Source material Start Marker
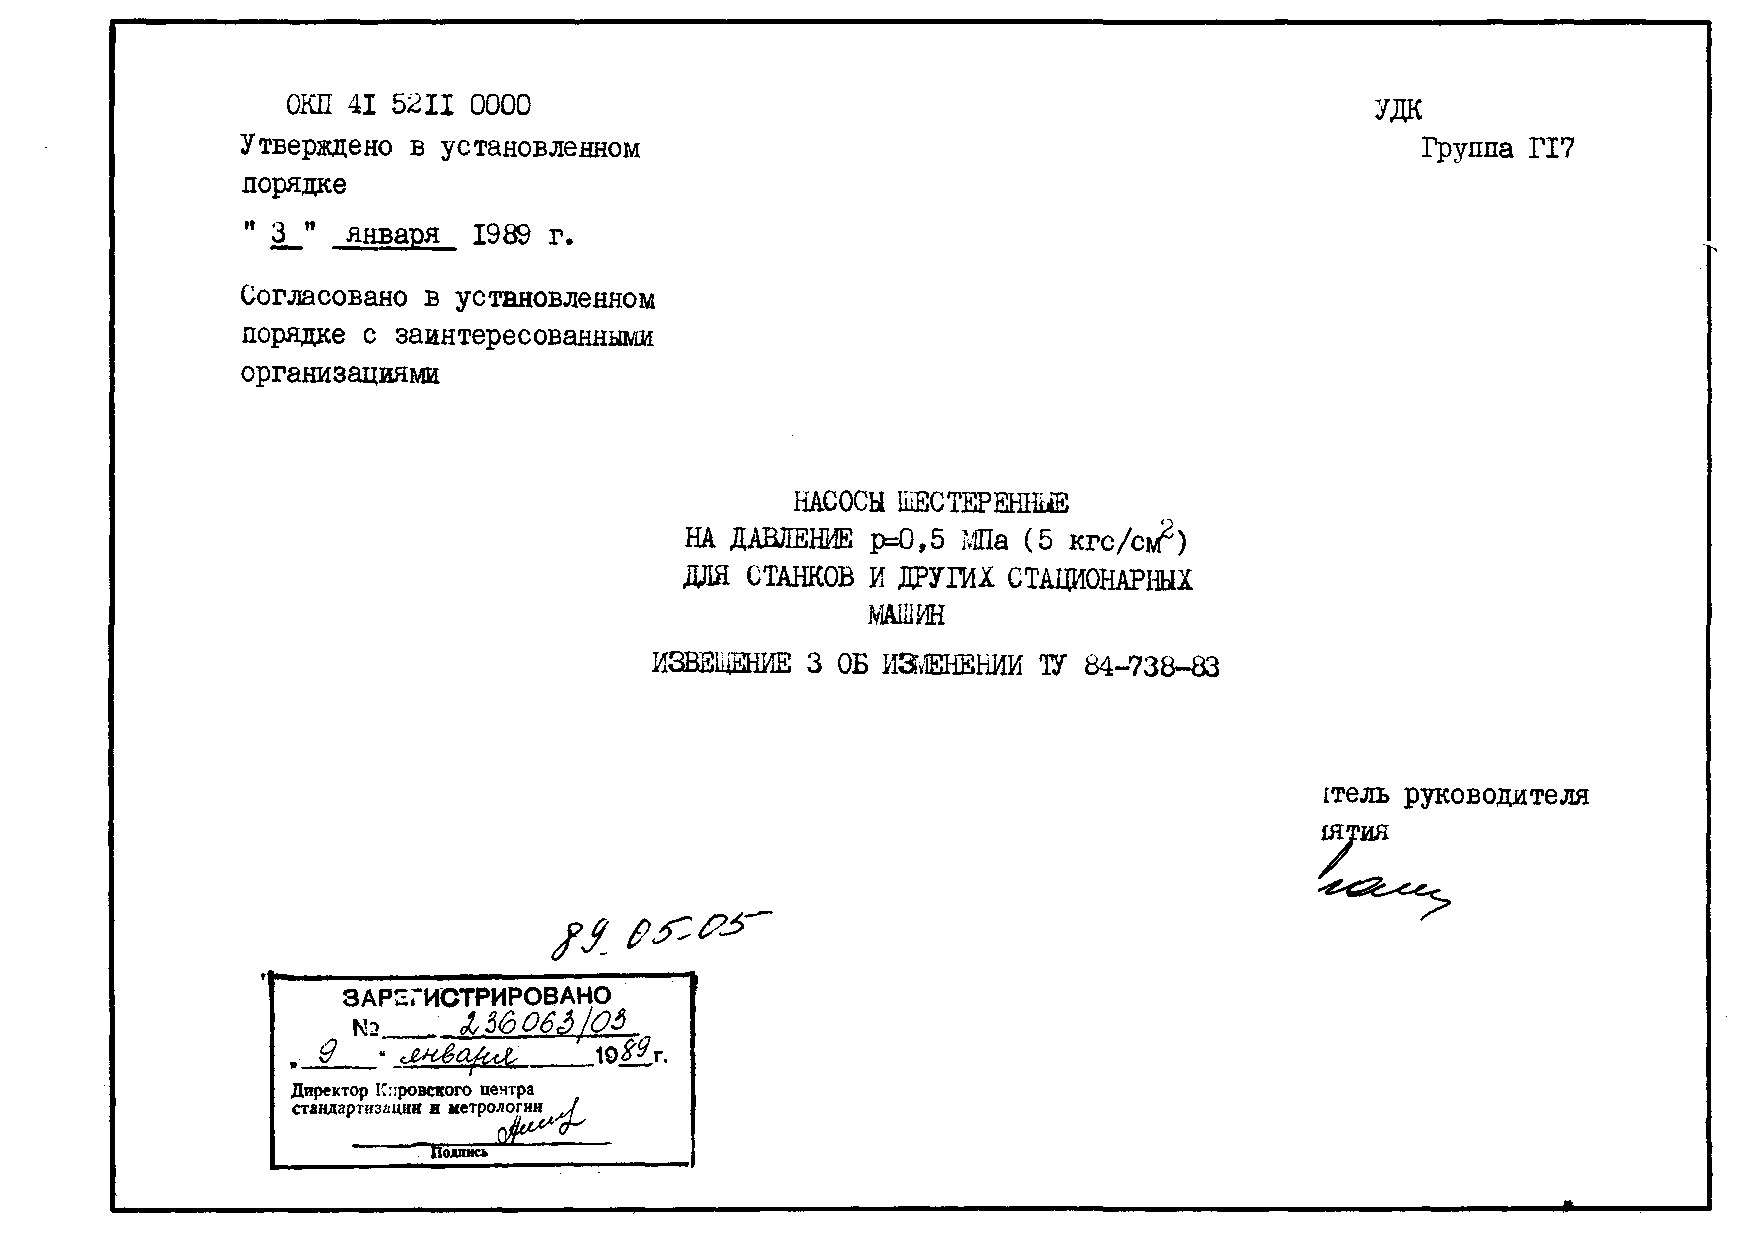 ТУ 84-738-83
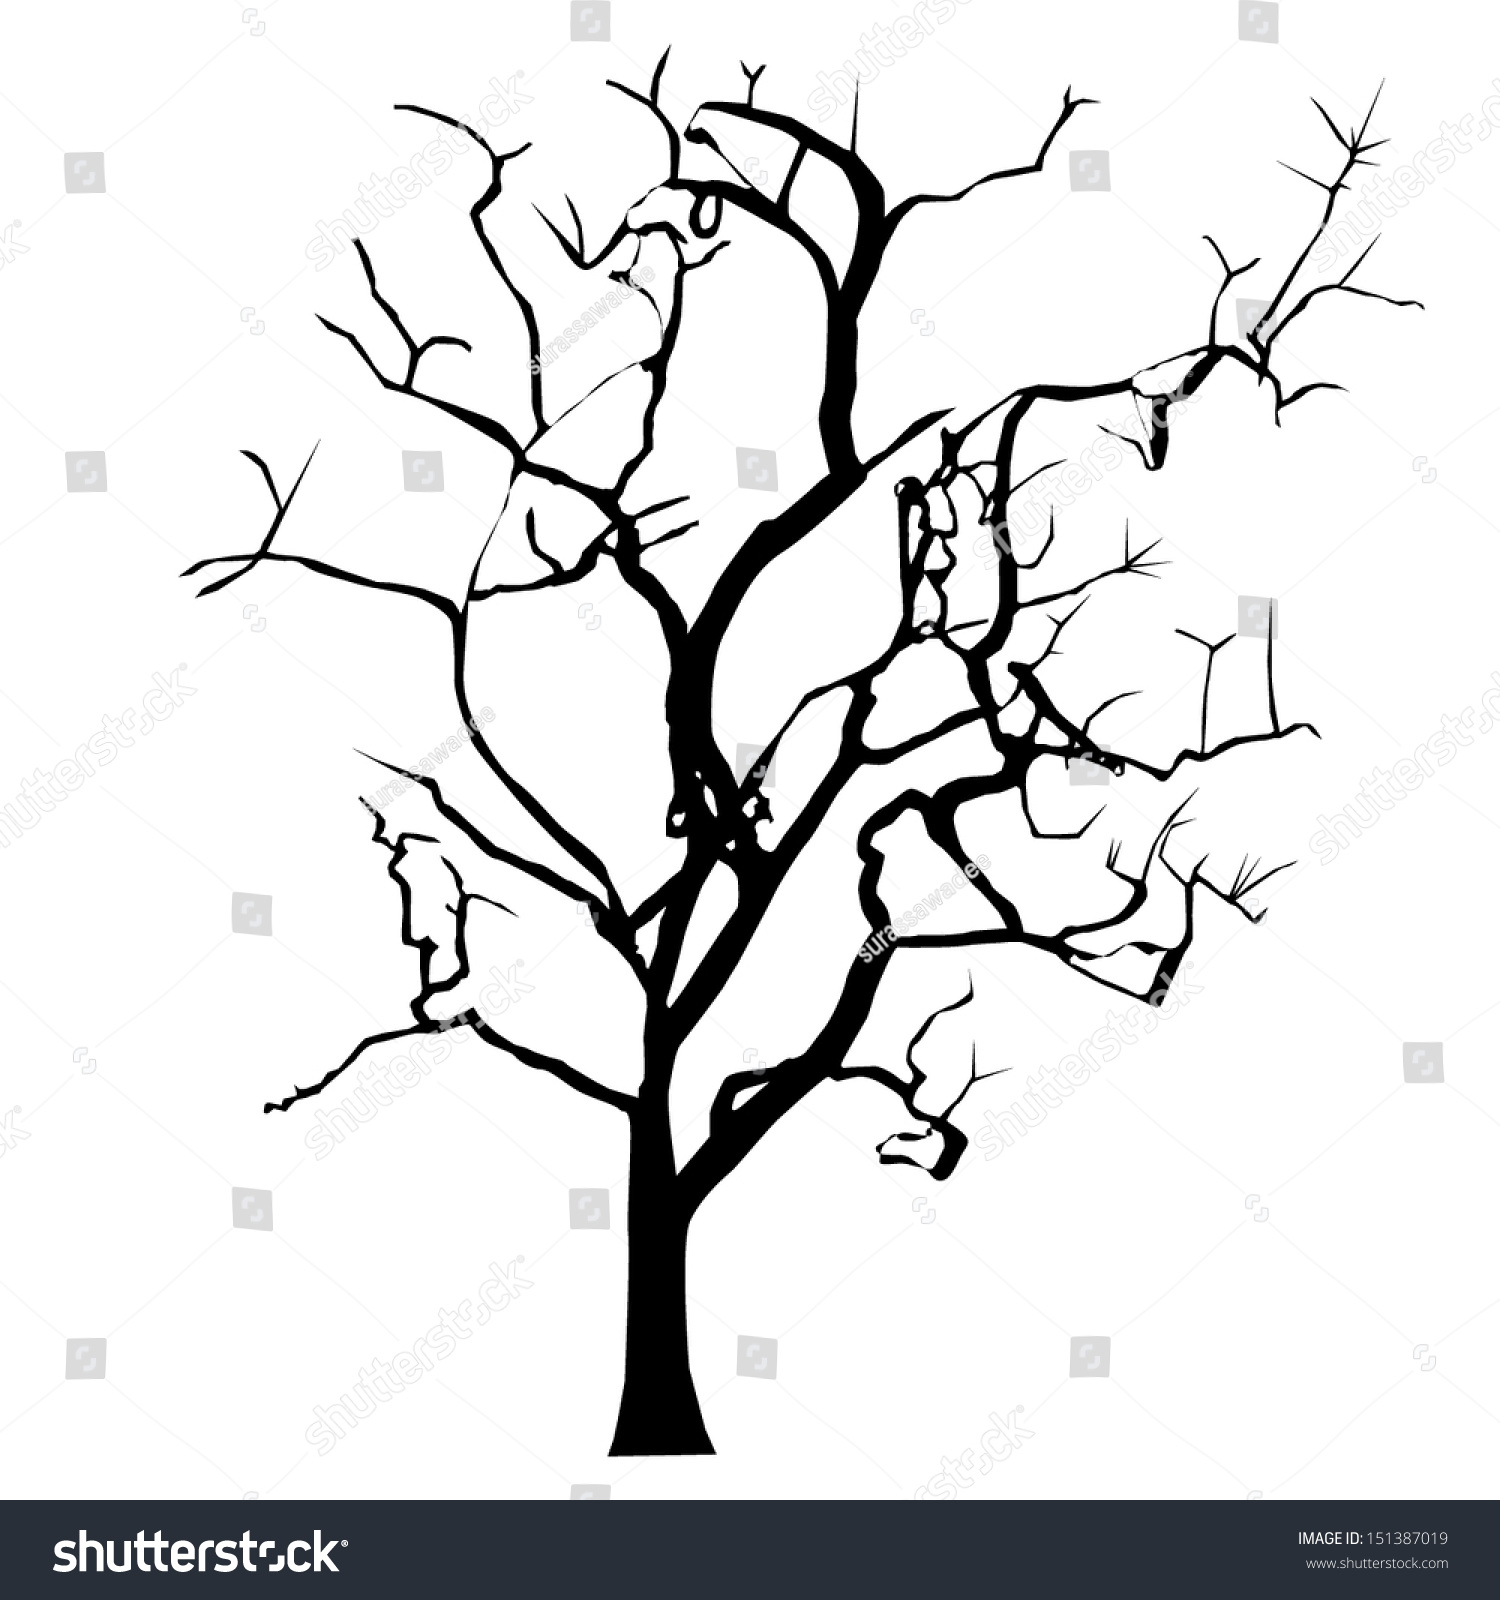 Vector Black Silhouette Of A Bare Tree - 151387019 : Shutterstock
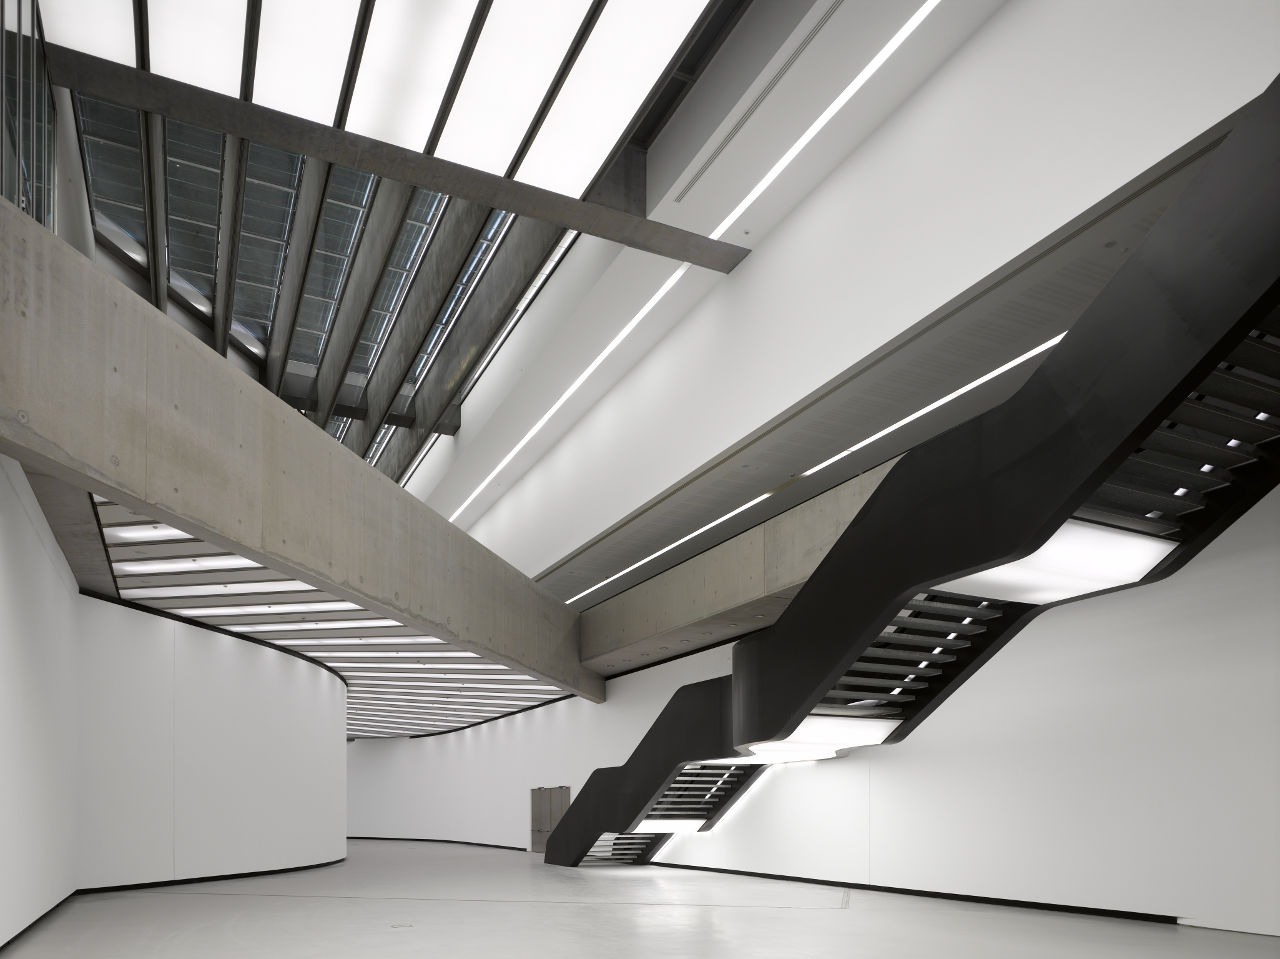 Gallery stairs of Zaha Hadid's MAXXI- National Museum of XXI Century Arts
Source material End Marker
> Exercise requirements
With the pictures excluded, the line containing "Vector Black Silhouette" and every line after it through the end of the data above are to be transcribed exactly, and nothing more.

> Result for this task
 Vector Black Silhouette Of A Bare Tree - 151387019 : Shutterstock
 Gallery stairs of Zaha Hadid's MAXXI- National Museum of XXI Century Arts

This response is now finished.